The Manhasset-Lakeville Fire and Water District serves about 45,000 people, according to the district’s website, and includes Manhasset, parts of Great Neck and North New Hyde Park.

Reiter won with 183 votes. Four people wrote in a candidate.

Reiter said that he is looking forward to the next three years, especially with new projects like a grease receiving station, upgraded digester and third micro-turbine coming online within the next two years.

“There’s going to be income coming from the grease receiving station and we’re also going to be lowering the cost of utilities overall when the third micro-turbine comes online,” Reiter said. “It’s going to mean taxes are not going going to be increased to the amount if we did not have the new projects giving us a new revenue stream.”

The Great Neck Water Pollution Control District serves more than 20,000 residents, the district website says.
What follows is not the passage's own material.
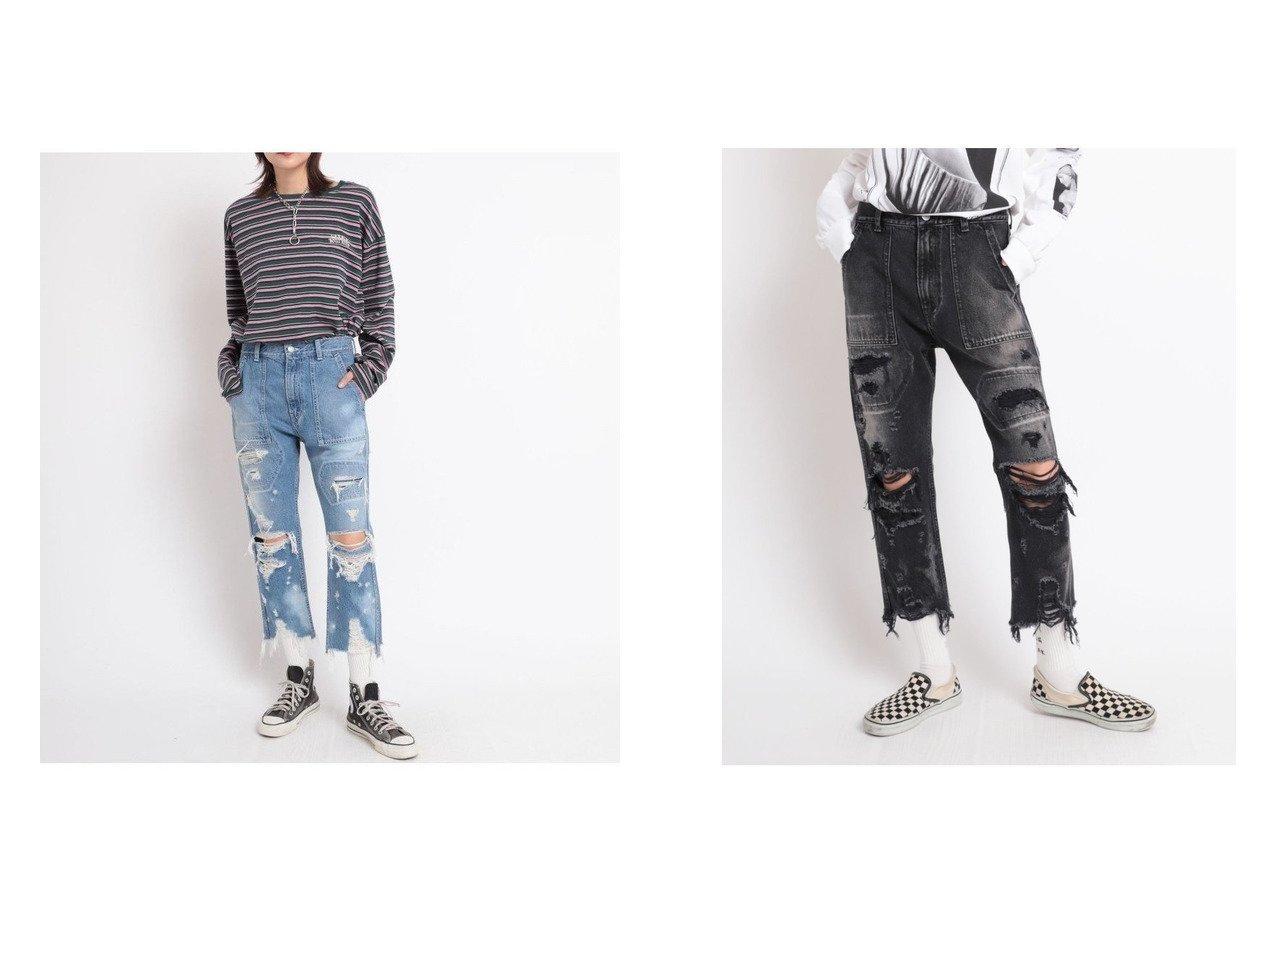 【RNA/アールエヌエー】のR3862 ハードダメージベイカーパンツ おすすめ!人気、トレンド・レディースファッションの通販 おすすめで人気の流行・トレンド、ファッションの通販商品 インテリア・家具・メンズファッション・キッズファッション・レディースファッション・服の通販 founy(ファニー) https://founy.com/ ファッション Fashion レディースファッション WOMEN パンツ Pants おすすめ Recommend ジーンズ ストレート ダメージ デニム メンズ  ID:crp329100000061075

Its service area includes the villages of Great Neck, Saddle Rock and Kensington, Great Neck Plaza east of Middle Neck Road, unincorporated areas north of the Long Island Rail Road, and part of Manhasset.

Lincoln secured 283 votes. There were also 12 write-ins.

“Usually when there’s no contest, you only get a few people to vote,” Lincoln said. “The fact that the community puts that much faith in me is humbling.”

Lincoln said that over the next three years, the community could expect the district to embark on a survey and a long-range planning process, discussion on erecting an indoor recreation center and introduction of a micro-transit program to alleviate some demand on commuter parking lots.

The district will also plan on keeping costs stable with programs that pay for themselves, Lincoln said.

“I really want to be a part of that because we’re here to meet the needs and the wants of the community,” Lincoln said.

The Great Neck Park District’s jurisdiction spans most of the Great Neck peninsula, save for Saddle Rock, Lake Success, Great Neck Estates, Harbor Hills and University Gardens, according to the district website.